Les 27 et 28 mars dernier, Paris a accueilli le Sommet sur la nutrition pour la croissance. Un rendez-vous mondial d’envergure visant à renforcer les engagements en faveur de la nutrition. Invitée à ce sommet, la Guinée a pris huit engagements majeurs, dont la promotion de l’allaitement maternel, un enjeu primordial pour la santé des nouveau-nés et la réduction de la mortalité infantile.
L’allaitement maternel est aujourd’hui au cœur de la stratégie nationale de santé familiale. « Environ 95,7% des enfants de moins de deux ans sont allaités au sein, ce qui montre que la pratique est largement répandue », explique Dr Djénè Fadima Kaba, directrice nationale de la Santé familiale et de la Nutrition au ministère de la Santé et de l’Hygiène publique.

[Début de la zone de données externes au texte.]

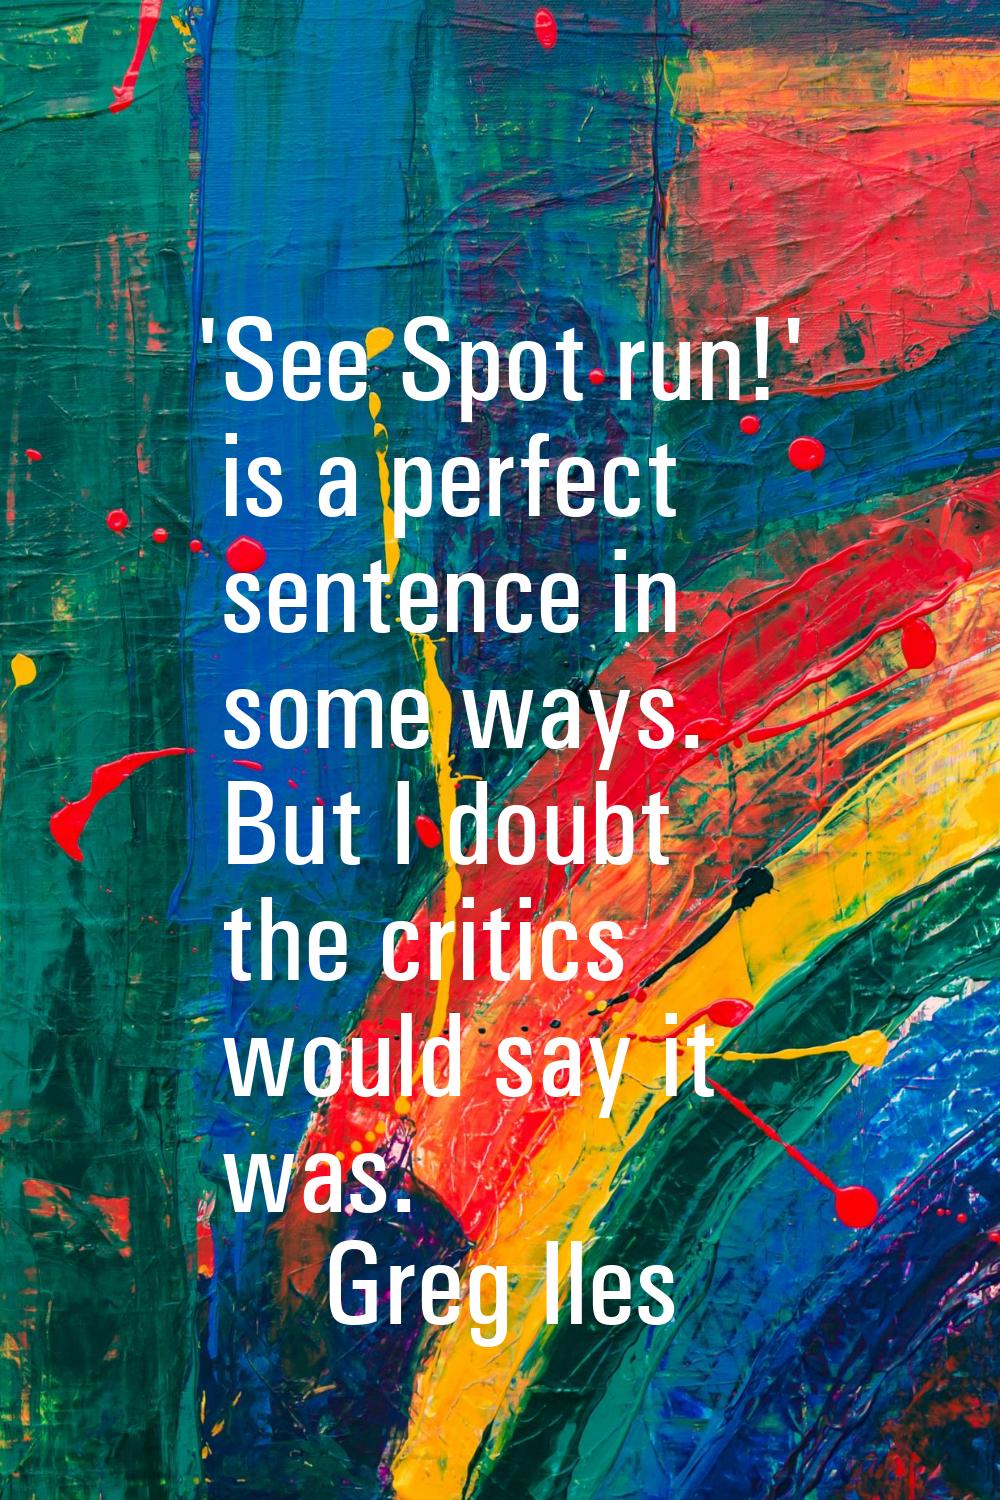 'See Spot run!' is a perfect sentence in some ways. But I doubt the critics would say it was.

Elle précise toutefois que « la prévalence de l’allaitement exclusif jusqu’à six mois reste faible, avec un taux national de 43,7% ».
La Guinée, dit-elle, s’aligne sur les recommandations de l’OMS en faveur de l’allaitement exclusif pendant les six premiers mois, à travers « la mise en place de cadres réglementaires, la promulgation prochaine du Code international de commercialisation des substituts du lait maternel pour limiter la publicité des laits artificiels, et la promotion des hôpitaux Amis des bébés qui encouragent l’allaitement dès la naissance et le contact peau à peau ». Et d’ajouter : « Nous mobilisons également les leaders communautaires, les groupements féminins et les ONG locales pour sensibiliser sur les bienfaits de l’allaitement ».
Une stratégie qui met les communautés au cœur du dispositif
Docteure Hawa Sacko, spécialiste en nutrition au bureau de l’UNICEF en Guinée, met l’accent sur le rôle des communautés. « Nous accompagnons les mamans dans les communautés à travers le renforcement des capacités des groupements de femmes. Ce sont elles les piliers des foyers. Grâce aux boîtes à images, elles apprennent comment allaiter un enfant de 0 à 6 mois et comment procéder à la diversification alimentaire. Elles deviennent ainsi des relais efficaces dans la promotion de l’allaitement », explique-t-elle.
En outre, elle insiste sur l’importance de cette pratique. « L’allaitement maternel demeure l’élément clé de la survie de l’enfant. C’est le moyen le plus sûr, c’est aussi le premier vaccin de l’enfant », rappelle la spécialiste.
Mais plusieurs freins persistent. « Lorsqu’un enfant n’est pas allaité de façon continue, il risque de souffrir de malnutrition, de carences en vitamine A et d’être exposé à des pathologies graves », souligne Dr Sacko qui identifie comme obstacles l’usage de talismans issus de certaines traditions, l’ignorance, ou encore l’introduction précoce d’aliments solides. « Certaines mères commencent à nourrir l’enfant dès le deuxième mois, pensant bien faire », regrette-t-elle.
Le manque d’accompagnement familial est également un facteur. « Les belles-mères ou sœurs peuvent inciter à limiter l’allaitement, parfois pour des raisons de fertilité. Certains pères accompagnent activement les mères, mais beaucoup restent à sensibiliser sur l’intérêt de cette pratique », explique la spécialiste.
Une priorité de santé publique
L’allaitement maternel est une priorité de santé publique en Guinée. Il permet de :
- Réduire la mortalité infantile ;
- Renforcer le système immunitaire grâce aux anticorps transmis de la mère ;
- Améliorer la nutrition et la croissance de l’enfant ;
- Prévenir la malnutrition aiguë et le retard de croissance.
Pour améliorer les taux d’allaitement, plusieurs solutions sont proposées :
- Mener des campagnes d’information dans les médias et au sein des communautés ;
- Intégrer l’allaitement dans les programmes scolaires et former les sages-femmes ;
- Améliorer les conditions de travail des mères, étendre les congés de maternité (qui sont actuellement de 14 semaines alors qu’elle besoin d’au moins 6 pour assurer l’allaitement maternel exclusif) et introduire les congés de paternité (pour le papa) ;
- Créer des espaces d’allaitement dans les lieux de travail.
En Guinée, seulement un enfant sur quatre est mis au sein dans l’heure suivant sa naissance. Et seuls 43,7% des enfants de moins de six mois bénéficient d’un allaitement maternel exclusif. Pourtant, cette pratique simple et naturelle demeure l’un des moyens les plus efficaces pour sauver des vies.